DATA FOR REVIEW START
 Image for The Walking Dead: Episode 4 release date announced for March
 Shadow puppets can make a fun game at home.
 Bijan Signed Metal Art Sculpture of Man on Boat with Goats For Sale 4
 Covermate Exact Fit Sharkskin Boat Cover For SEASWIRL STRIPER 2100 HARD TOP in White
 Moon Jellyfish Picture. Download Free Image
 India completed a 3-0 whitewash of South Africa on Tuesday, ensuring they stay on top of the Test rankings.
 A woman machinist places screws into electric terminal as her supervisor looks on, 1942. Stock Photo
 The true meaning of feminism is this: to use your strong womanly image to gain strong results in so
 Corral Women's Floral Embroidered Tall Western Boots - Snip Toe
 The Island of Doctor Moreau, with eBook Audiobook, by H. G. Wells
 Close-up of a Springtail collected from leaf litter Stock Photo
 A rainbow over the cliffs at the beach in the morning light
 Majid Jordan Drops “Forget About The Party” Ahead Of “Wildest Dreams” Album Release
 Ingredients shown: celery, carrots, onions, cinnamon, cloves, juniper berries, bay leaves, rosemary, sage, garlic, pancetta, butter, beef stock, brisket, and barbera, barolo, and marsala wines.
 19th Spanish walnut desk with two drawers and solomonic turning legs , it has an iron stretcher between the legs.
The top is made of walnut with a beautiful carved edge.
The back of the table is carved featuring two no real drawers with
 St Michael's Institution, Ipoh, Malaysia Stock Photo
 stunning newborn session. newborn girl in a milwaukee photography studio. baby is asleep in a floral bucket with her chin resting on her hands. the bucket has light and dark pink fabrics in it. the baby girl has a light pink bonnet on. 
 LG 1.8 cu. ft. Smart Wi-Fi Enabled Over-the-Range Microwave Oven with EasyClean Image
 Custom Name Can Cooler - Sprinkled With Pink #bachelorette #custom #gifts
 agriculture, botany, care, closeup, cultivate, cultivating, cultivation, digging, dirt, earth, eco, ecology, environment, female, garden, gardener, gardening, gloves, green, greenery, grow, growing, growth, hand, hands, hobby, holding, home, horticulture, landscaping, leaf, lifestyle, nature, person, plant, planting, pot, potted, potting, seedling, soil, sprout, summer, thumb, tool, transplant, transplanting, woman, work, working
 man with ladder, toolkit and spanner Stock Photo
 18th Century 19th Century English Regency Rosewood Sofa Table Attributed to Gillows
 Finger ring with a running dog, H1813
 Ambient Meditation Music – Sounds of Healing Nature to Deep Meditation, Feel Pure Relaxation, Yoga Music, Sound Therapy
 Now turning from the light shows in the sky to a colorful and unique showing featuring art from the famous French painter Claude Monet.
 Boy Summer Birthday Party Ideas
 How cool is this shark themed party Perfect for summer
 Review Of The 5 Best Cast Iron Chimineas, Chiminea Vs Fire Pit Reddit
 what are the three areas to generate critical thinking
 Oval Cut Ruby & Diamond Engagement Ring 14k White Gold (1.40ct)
DATA FOR REVIEW END
__WHAT IS BEING ASKED__:
Going down the listing above, begin printing at the line with "Moon Jellyfish Picture. Download Free Image" and finish with the line with "Custom Name Can", exactly as they appear.

__ANSWER TO THIS TASK__:
 Moon Jellyfish Picture. Download Free Image
 India completed a 3-0 whitewash of South Africa on Tuesday, ensuring they stay on top of the Test rankings.
 A woman machinist places screws into electric terminal as her supervisor looks on, 1942. Stock Photo
 The true meaning of feminism is this: to use your strong womanly image to gain strong results in so
 Corral Women's Floral Embroidered Tall Western Boots - Snip Toe
 The Island of Doctor Moreau, with eBook Audiobook, by H. G. Wells
 Close-up of a Springtail collected from leaf litter Stock Photo
 A rainbow over the cliffs at the beach in the morning light
 Majid Jordan Drops “Forget About The Party” Ahead Of “Wildest Dreams” Album Release
 Ingredients shown: celery, carrots, onions, cinnamon, cloves, juniper berries, bay leaves, rosemary, sage, garlic, pancetta, butter, beef stock, brisket, and barbera, barolo, and marsala wines.
 19th Spanish walnut desk with two drawers and solomonic turning legs , it has an iron stretcher between the legs.
The top is made of walnut with a beautiful carved edge.
The back of the table is carved featuring two no real drawers with
 St Michael's Institution, Ipoh, Malaysia Stock Photo
 stunning newborn session. newborn girl in a milwaukee photography studio. baby is asleep in a floral bucket with her chin resting on her hands. the bucket has light and dark pink fabrics in it. the baby girl has a light pink bonnet on. 
 LG 1.8 cu. ft. Smart Wi-Fi Enabled Over-the-Range Microwave Oven with EasyClean Image
 Custom Name Can Cooler - Sprinkled With Pink #bachelorette #custom #gifts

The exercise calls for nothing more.